Once you have word embeddings, you will want to create document embeddings. To create a document embedding, take all the word embeddings of the document and use cosine similarity to combine the dimensions into a single representation with the same number of dimensions.

Cosine similarity combines two vectors by calculating the cosine of the angle between them and multiplying by the length of the side not participating in the cosine calculation.

Cosine similarity is a nice way to explain it visually, but there is an algebraic isomorphism using dot products of normalised vectors.

This algorithm combines word embeddings into document embeddings:

Create an empty embedding (where all values are 0) called A. This is our aggregate.
For each word embedding, w:
1. normalise w;
2. for each value in A, add the corresponding value in w (add the first number in A to the first number in w, the second number in A to the second number in w, and so on).
Divide each value in A by the number of words used to calculate it.

To normalise a word embedding, take the square root of the sum of each value’s square (let’s call it n); then divide each value in the embedding by n.

This is the implementation used by fastText. However we have tweaked the algorithm to make use of tf–idf. tf–idf weights words that are considered important. A word is considered important if its frequency within the corpus is low compared to its frequency within a document. Since words like ‘a’ occur throughout the corpus, it is weighted low; whereas a word like ‘theft’ will be weighted higher, because it occurs only in a subset of documents within the corpus.

Calculating the distance between document embeddings

The final puzzle piece is to quantify how similar documents are based on their document embeddings. The distance between two documents is used as an indication of how similar they are. Documents that are close together are more similar than those that are further away.

To calculate the distance between two document embeddings, Cosine Similarity can be used again. This time, the vectors of the document embeddings are collapsed to a single value between 0 and 1. Identical documents have the value 1, completely orthogonal documents have the value 0.

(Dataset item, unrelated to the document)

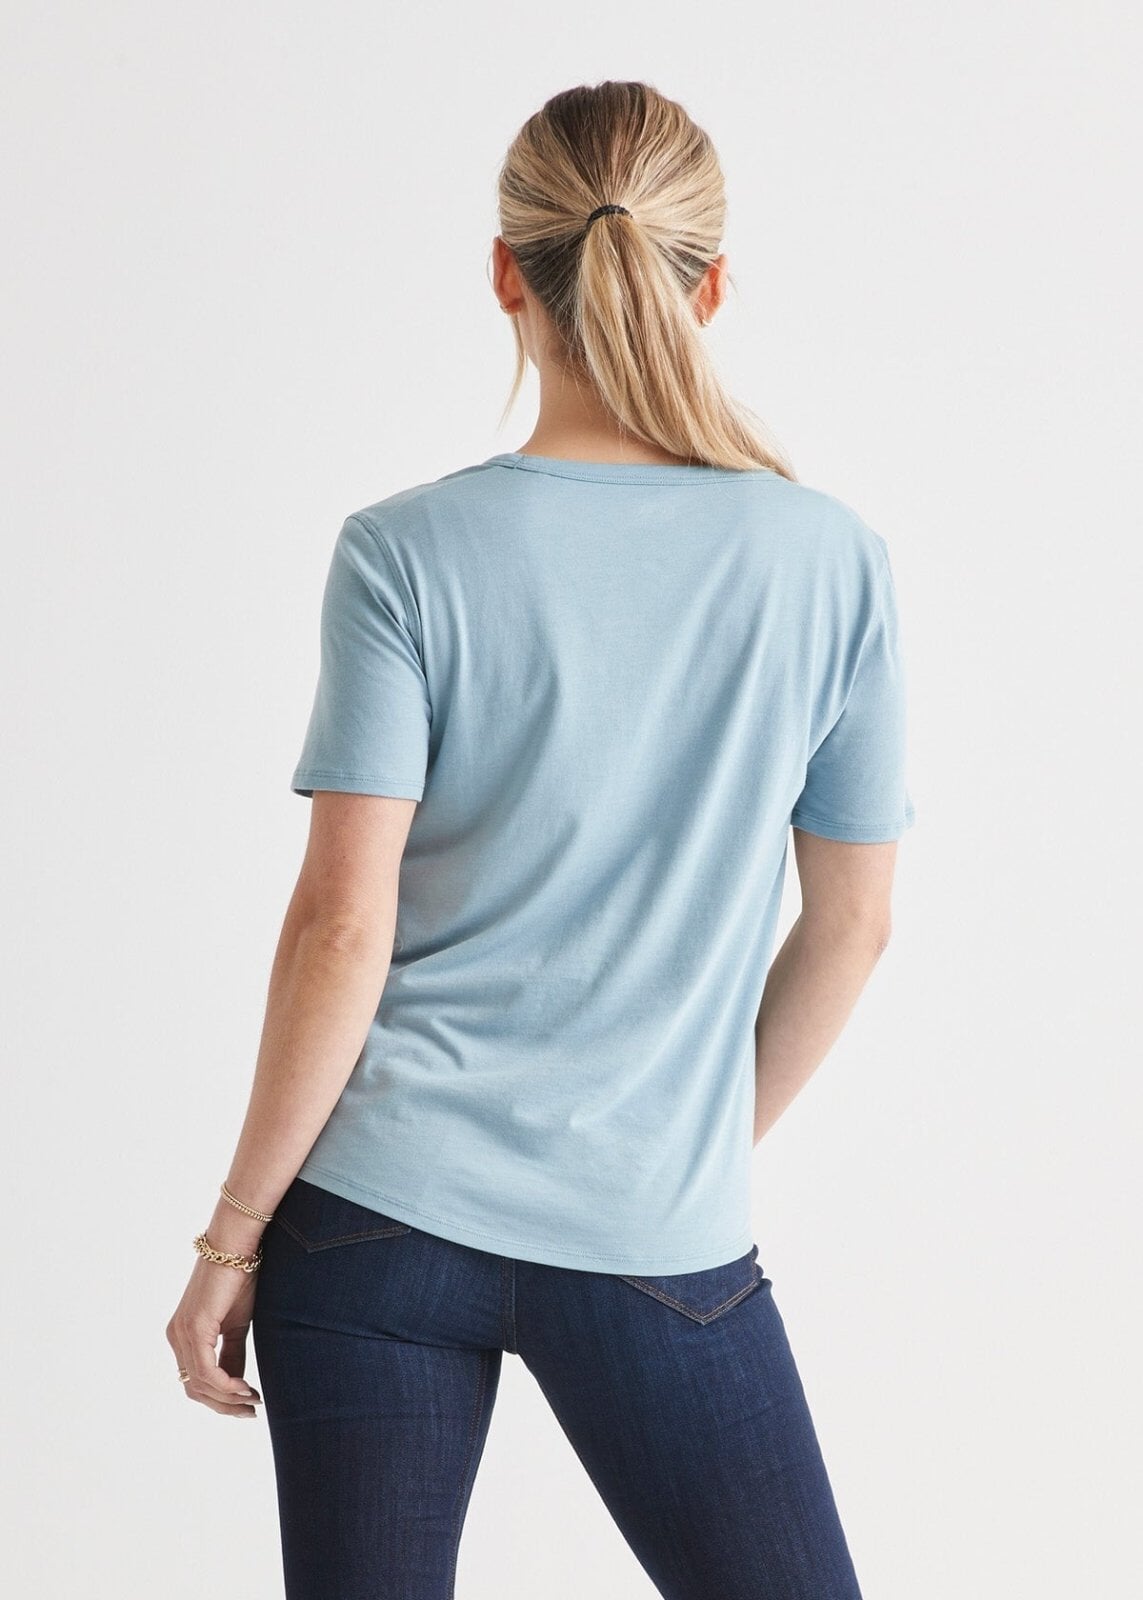 Women's Soft Lightweight Blue V-Neck T-Shirt Back

We use a library called Faiss, created by Facebook Research, to store and query document embeddings. This is very fast, and you can query multiple input embeddings simultaneously.

And finally…

This post describes some of the major components used in Case Genie and delves a little into the concepts and some of the algorithms; but there is a lot more that I don’t have time to cover: specifically, how do we prepare the text of the corpus for training the model? I will cover that in another post.